On 10 and 11 February 2025, world leaders, tech experts, and AI entrepreneurs gathered at the AI Summit in Paris to discuss the future of AI, focusing on investment and the need for less constraining regulation. The summit aimed to encourage innovation and enhance global, particularly EU, competitiveness. Participants committed to over €109 billion in AI investment in France, while the EU announced a €50 billion initiative to boost innovation.

Discussions centred on reducing regulatory barriers as the AI Act gradually comes into effect, with European leaders seeking alignment with global markets. However, concerns were raised about the lack of safeguards in deregulation efforts. A declaration on "Inclusive and Sustainable" AI was signed by 62 nations, including China and India, although the US and UK abstained, highlighting ongoing global divisions.

The event also underscored the transformative impact of AI on labour markets, especially in the Global South, where adoption rates are accelerating.

EU Commission Publishes Guidelines on Prohibited AI Practices

On 4 February 2025, the EU Commission published  the "Guidelines on Prohibited Artificial Intelligence (AI) Practices," as defined by the EU AI Act.
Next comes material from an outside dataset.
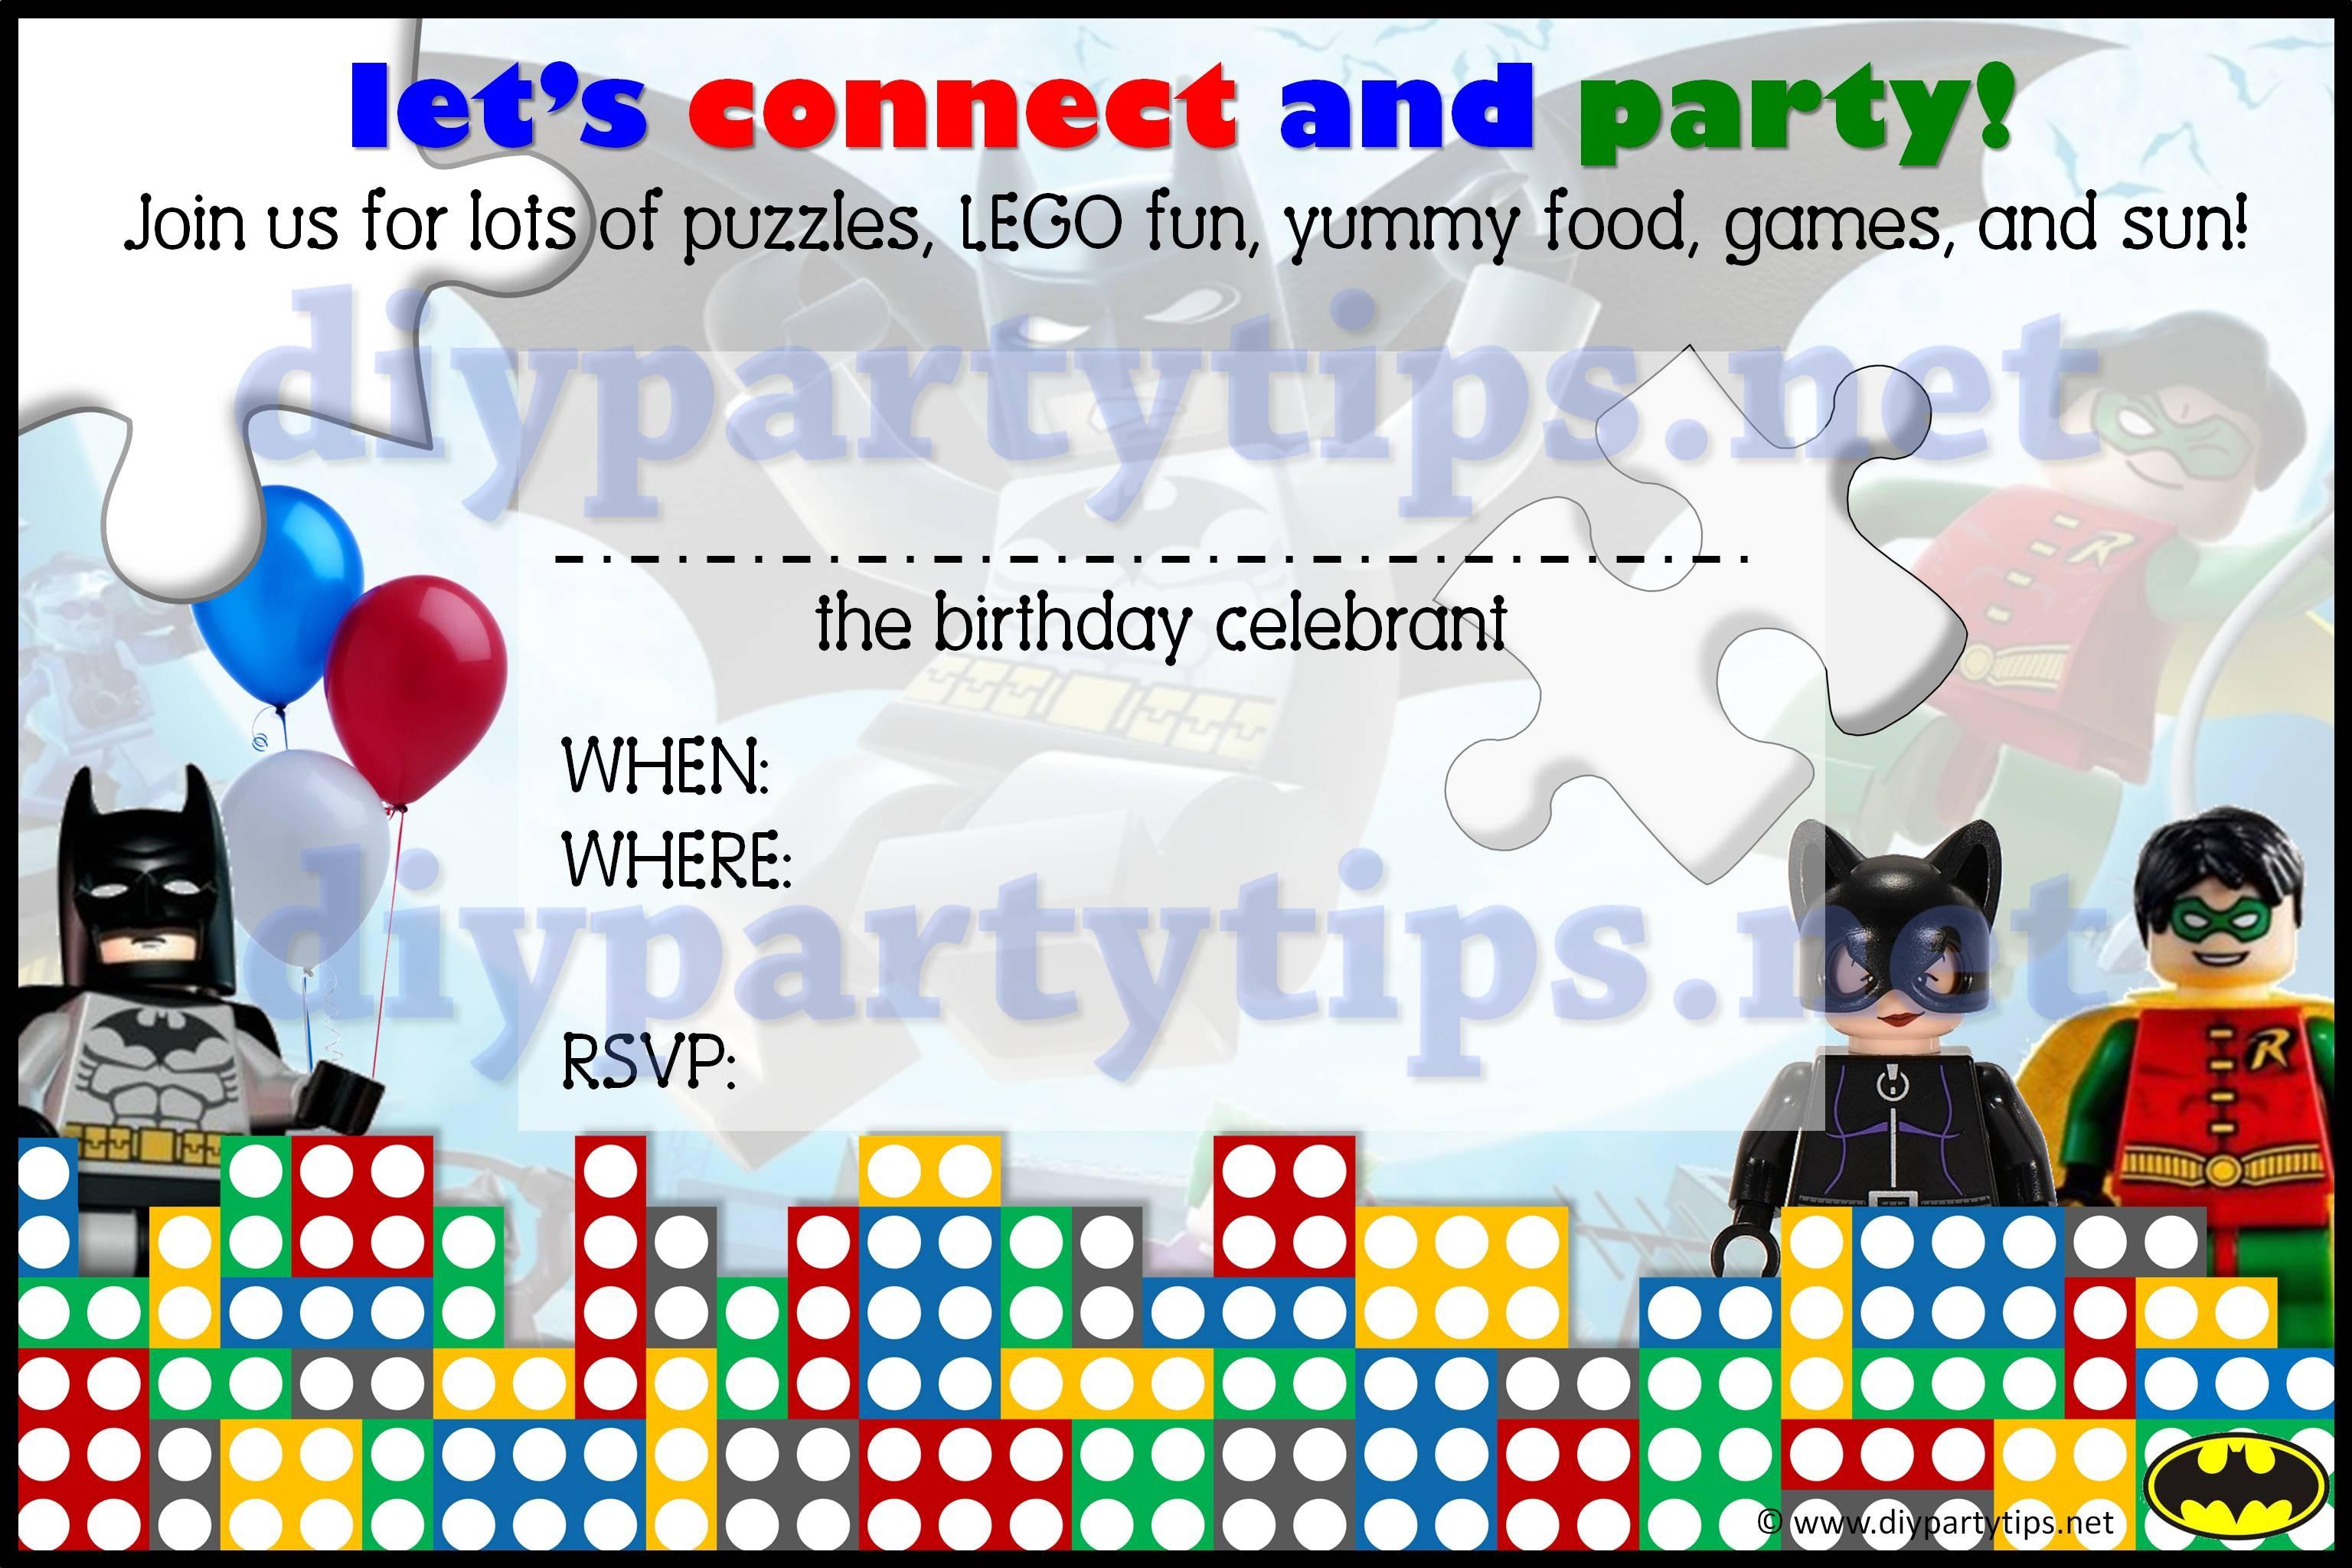 Free Printable: Lego Party Invitation – Lola's Diy Party Tips - Transformers Party Invitations Free Printable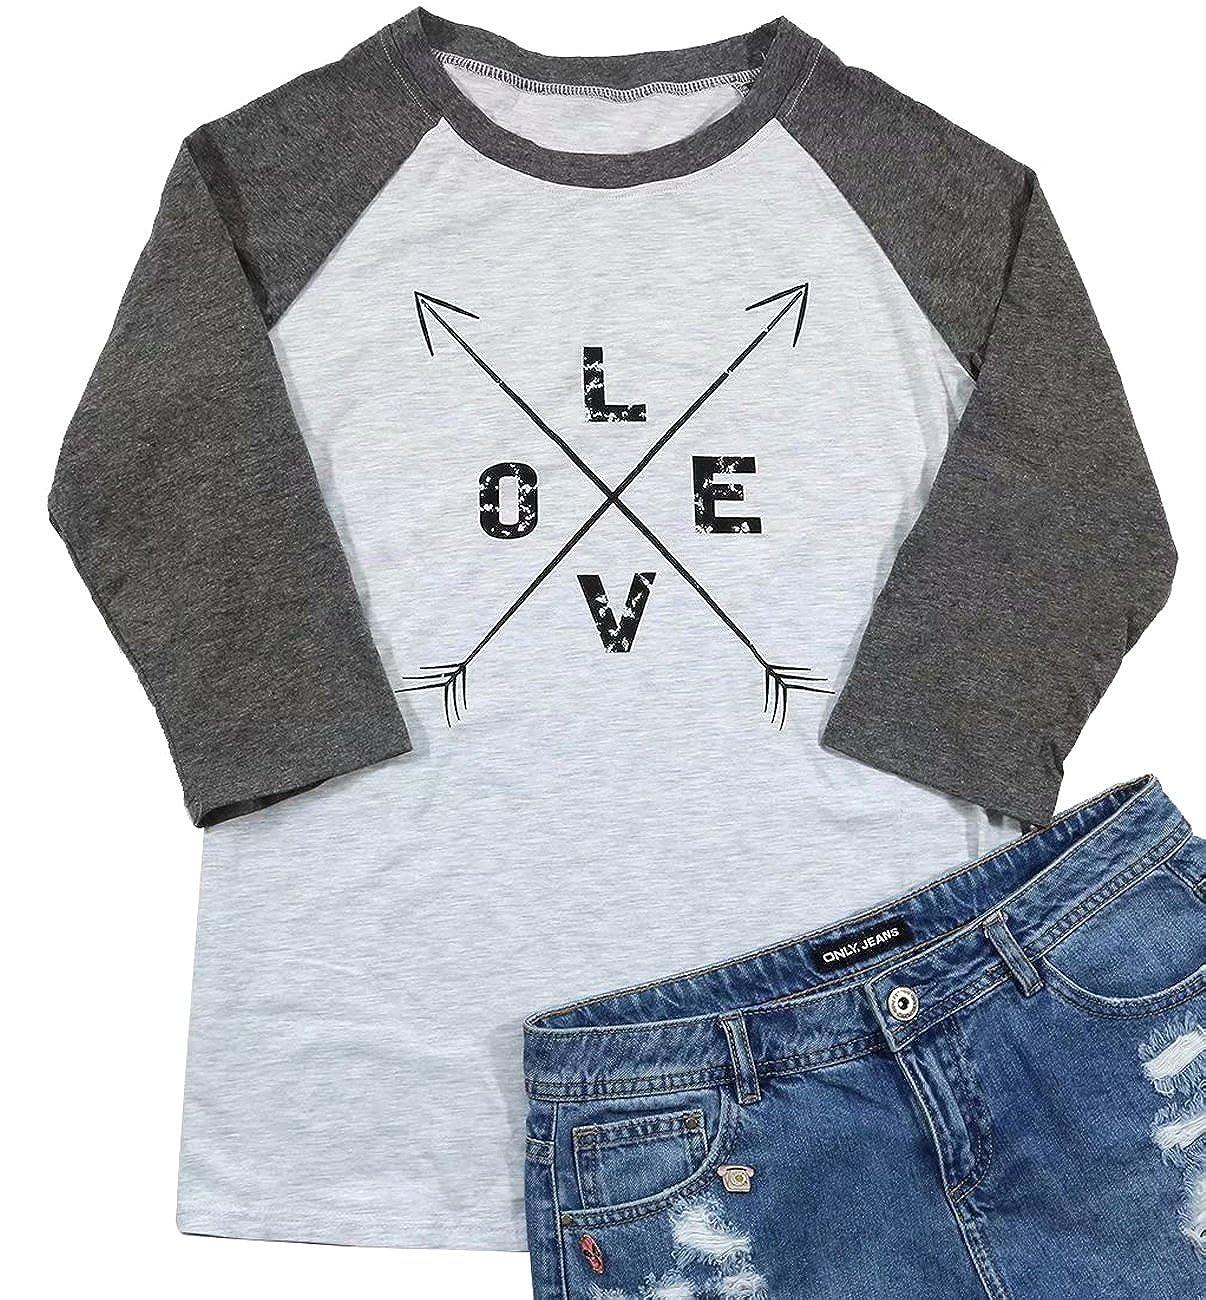 Amazon Love Crossed Arrows Cute Graphic T Shirt Women 34

These guidelines aim to identify AI practices that may be prohibited or considered intolerable. The AI Act adopts a risk-based approach, categorising AI systems into four main risk categories: unacceptable risk, high risk, limited risk, and a specific category for those subject to transparency obligations.

The guidelines provide additional context on the specific types of AI practices that would be prohibited, focusing on the most problematic uses, such as social ranking or coercive manipulation. As outlined in Article 5 of the EU AI Act, these practices are prohibited due to the potential risks they pose to European values and fundamental rights.

The principal takeaways are as follows: the prohibition of certain AI practices came into effect on 2 February and may be enforced directly in court. Although non-binding, these guidelines offer valuable insights into the Commission's interpretation of the prohibitions and may influence the enforcement of the AI Act.

Commission Publishes Guidelines on AI System Definition to Facilitate the First AI Act’s Rules Application

On 6 February 2025, the EU Commission published its "Guidelines on AI System Definition." While these guidelines are non-binding, they aim to assist providers and developers in determining whether a software system meets the criteria of an AI system. The definition of an AI system is based on seven criteria: machine-based system, varying levels of autonomy, capability of adaptation, implicit or explicit objectives, inference capability, capability of generating outputs that can influence physical or virtual environments, and the system's interaction with the environment. The Commission aims to differentiate between conventional software and AI systems. Examples of systems outside the scope of the AI system definition include those for improving mathematical optimisation or basic data processing. Interestingly, general-purpose AI models are not covered by these guidelines.

EU Commission Adopts Brand Book for European Common Criteria-Based Cybersecurity Certification Scheme (EUCC)

On 31 January 2025, the EU Commission published a Brand Book providing guidance on the design of the cybersecurity certification mark and labels, in accordance with the EUCC Commission Implementing Regulation of the Cybersecurity Act. This guide defines the conditions under which the EUCC mark and label may be used and provides detailed instructions for designing EUCC-compliant certification marks and labels. By following these guidelines, EUCC certificate holders can ensure a consistent, professional appearance for their products throughout the EU, enhancing their visibility and credibility in the marketplace. High-quality trademark and label files can be downloaded in all EU languages.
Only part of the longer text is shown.